Second, start at the edges between routing domains to try to isolate the problem to a single major routing domain. You can start at the Corporate Network, the WAN, or the Azure Network. Make sure you've reasonable cause to contact your service provider or ISP, as this is outside your control. It could delay a fix that is under your control.

When you've identified the major routing domain that appears to contain the problem, create a diagram. Seeing the area in a diagram allows you to work methodically by planning points to test. Divide the network into segments to narrow down the problem and update the diagram as you get results.

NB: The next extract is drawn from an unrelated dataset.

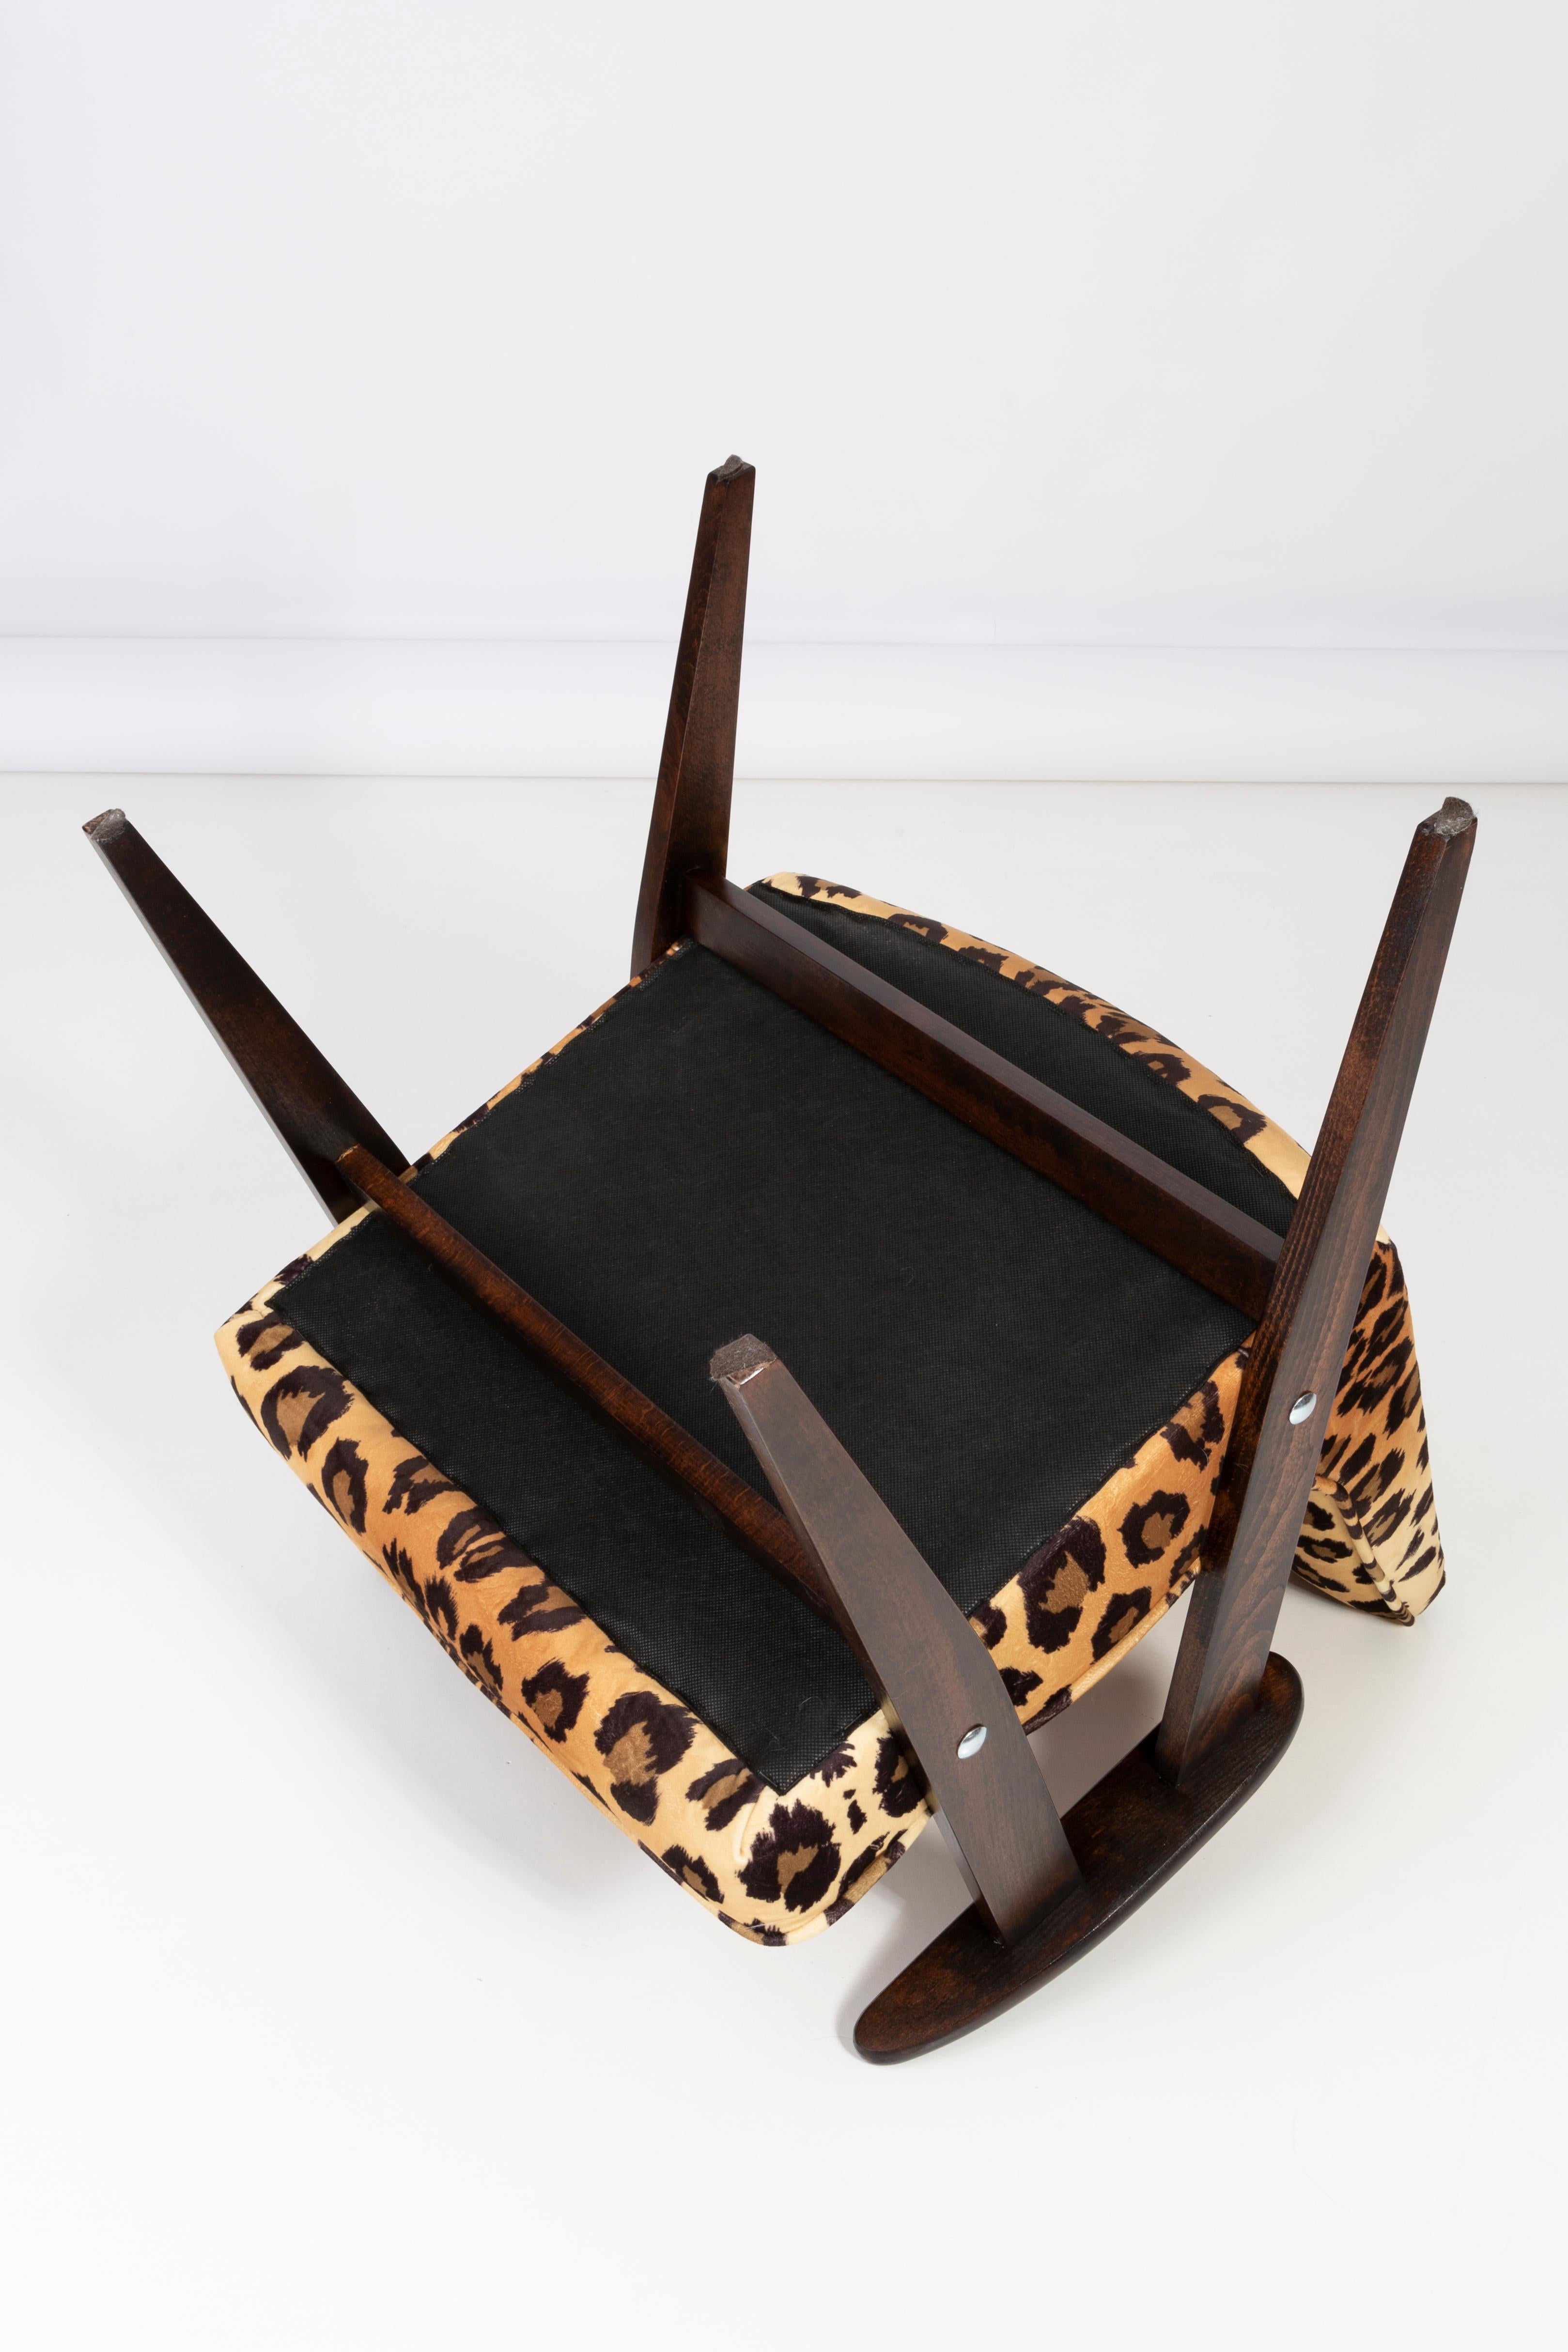 Four Midcentury 366 Armchairs in Leopard Print Velvet, Jozef Chierowski, 1960s For Sale 4

Also, don't forget to look at other layers of the OSI model. It's easy to focus on the network and layers 1-3 (Physical, Data, and Network) but the problem could be at Layer 7 in the application layer. Keep an open mind and verify assumptions.

Note

Geographic latency between endpoints is the largest component of latency. Equipment latency that has, for example, physical and virtual components, and number of hops, is involved. But geography has been shown to have a greater impact on overall latency when dealing with WAN connections. Remember that the distance of the fiber run is not the straight-line or roadmap distance. Use a city distance calculator which, although inaccurate, is good enough.